Task inputs:
------

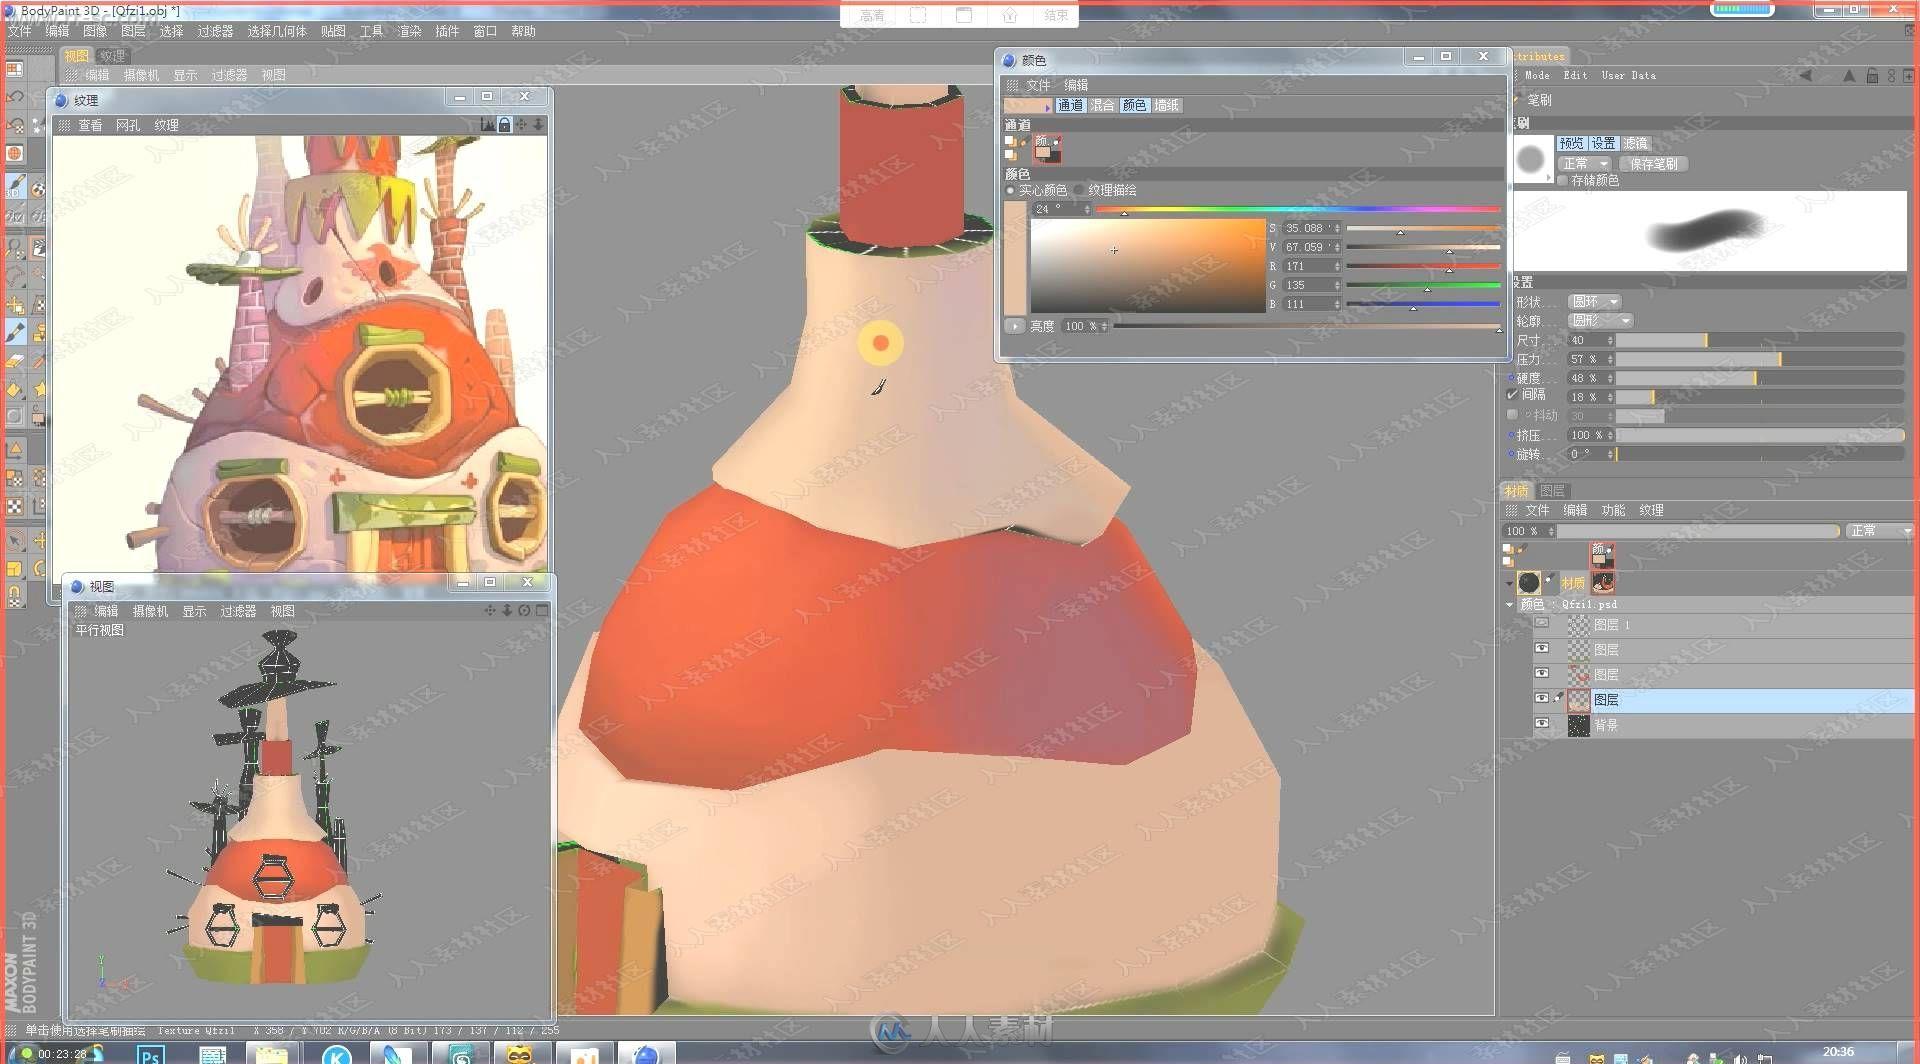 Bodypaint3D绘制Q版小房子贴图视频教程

------

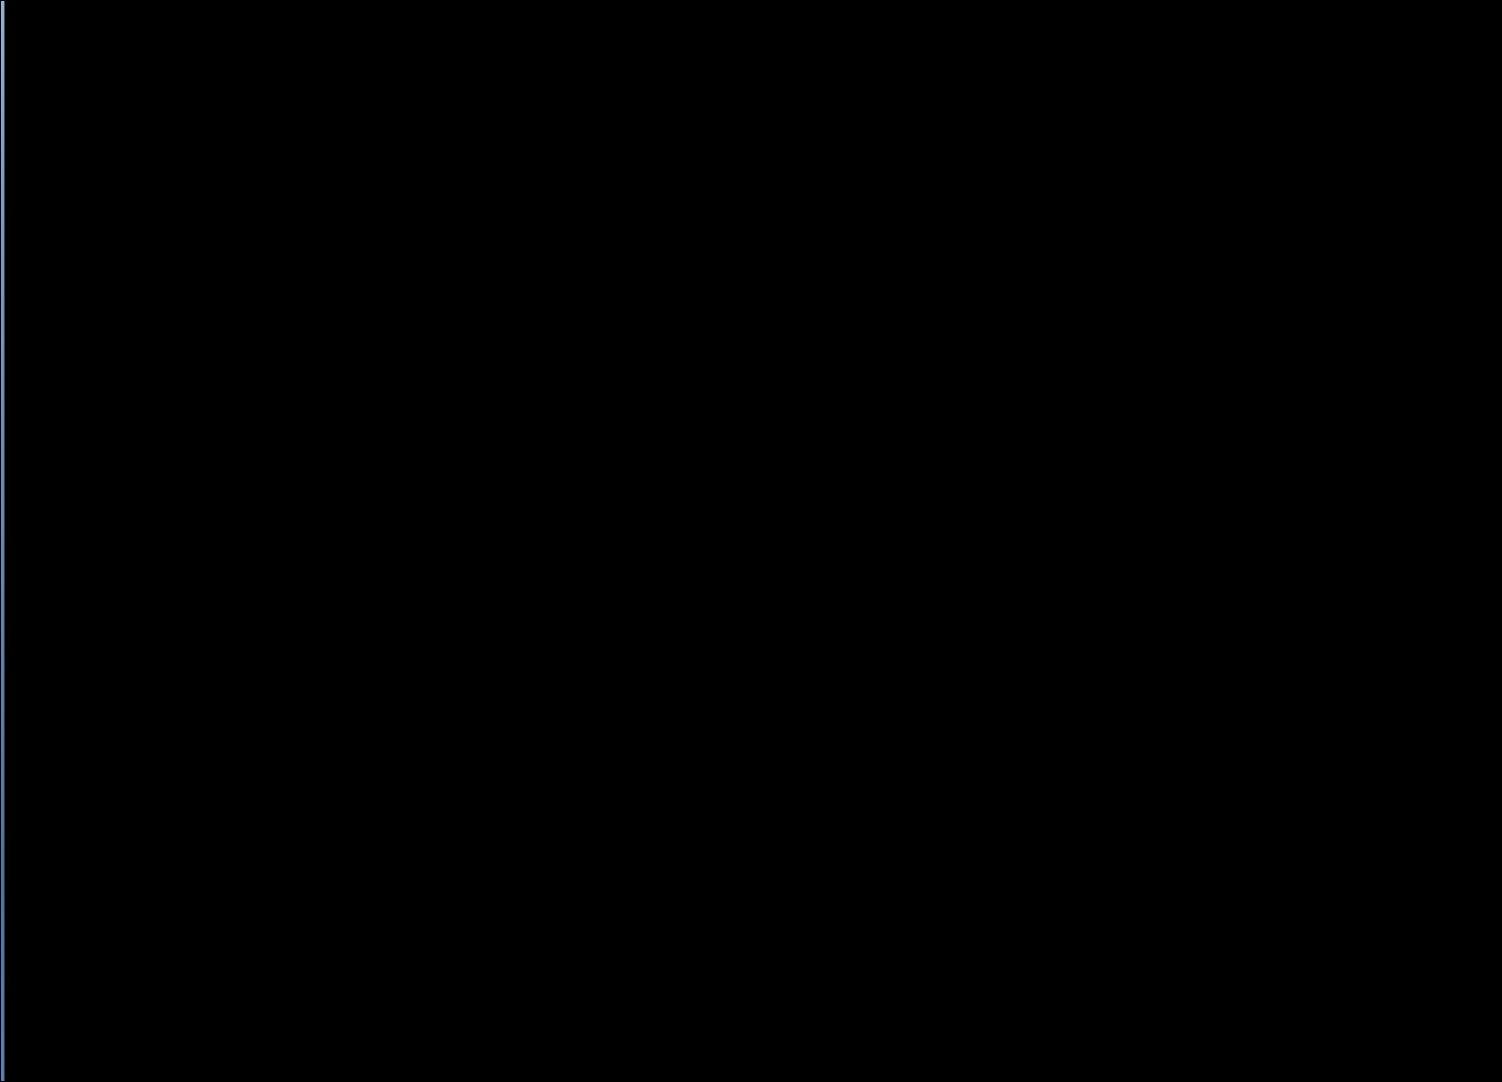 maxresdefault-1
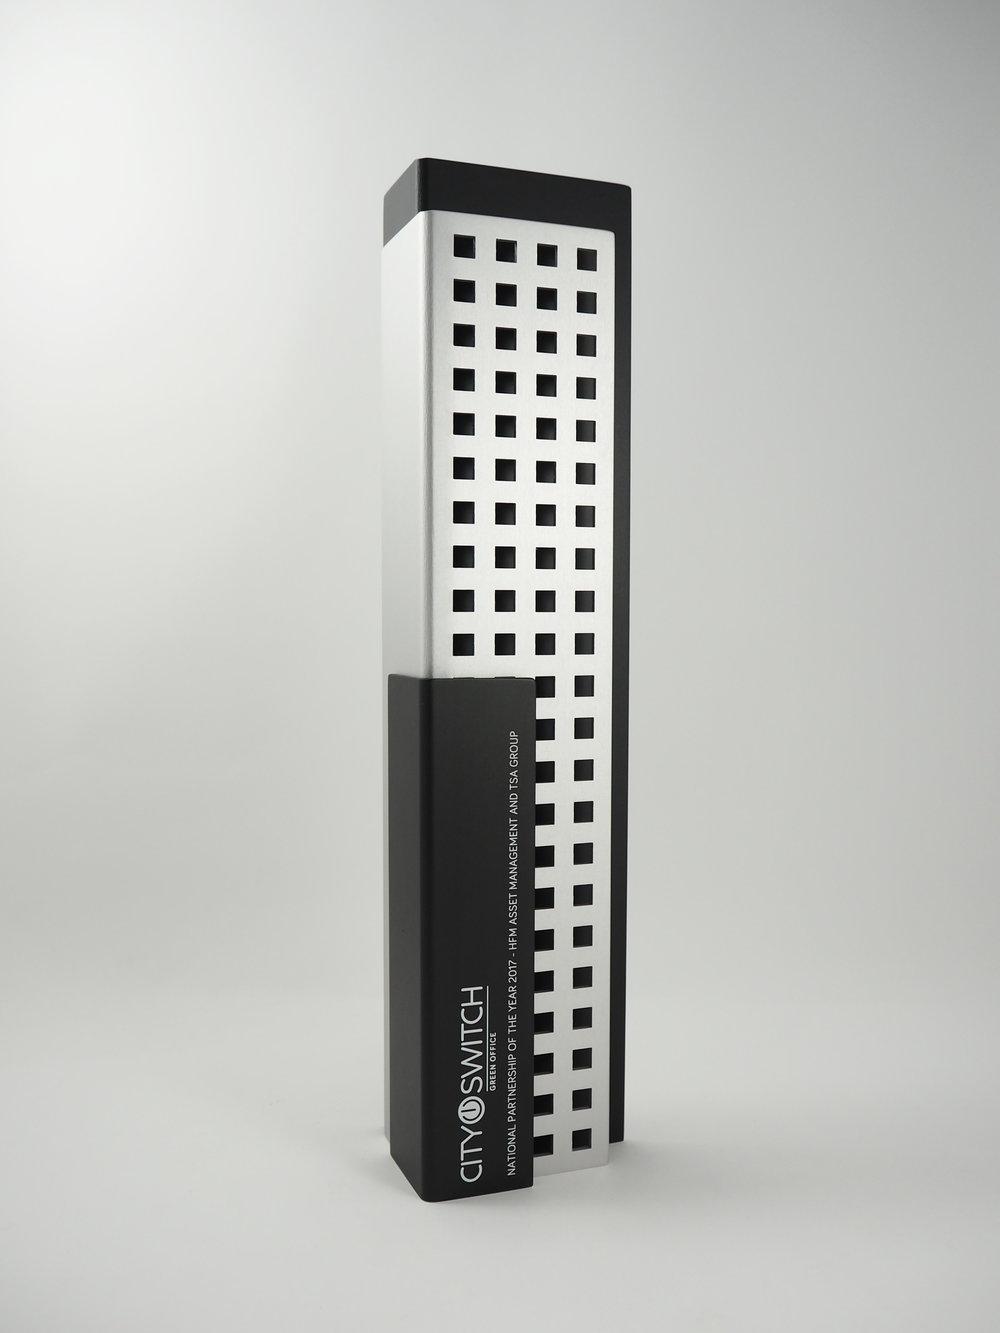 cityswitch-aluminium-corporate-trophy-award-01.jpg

------

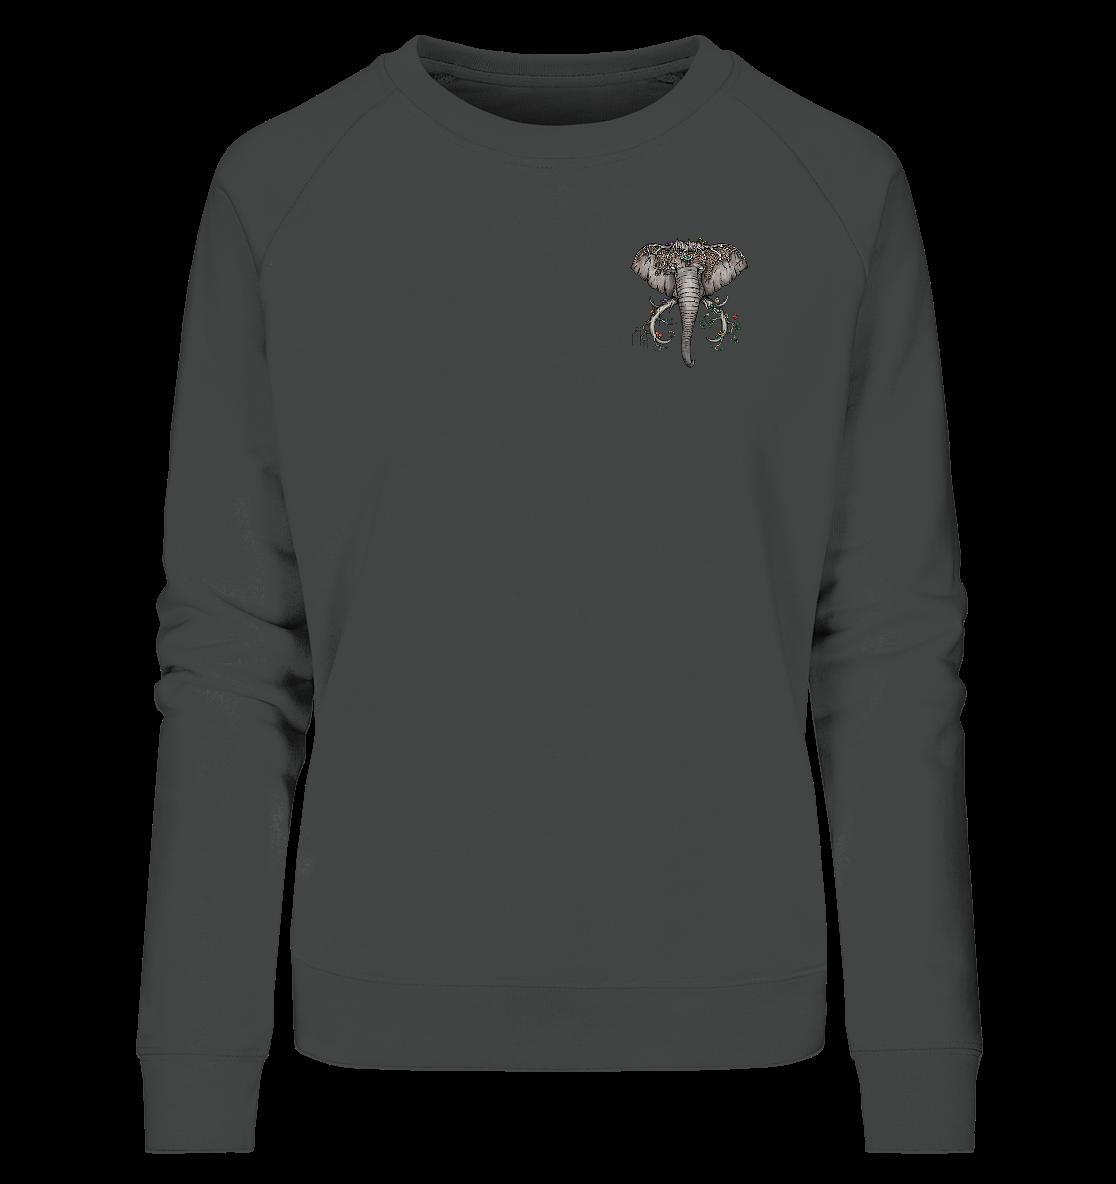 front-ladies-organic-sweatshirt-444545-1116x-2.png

------

Exercise objective:
What lines above run from the one with "maxresdefault-1" to the one with "cityswitch-aluminium-corporate-trophy-award-01.jpg"? Give them again exactly, ends included, and leave the pictures out.

Exercise response:
 maxresdefault-1
 cityswitch-aluminium-corporate-trophy-award-01.jpg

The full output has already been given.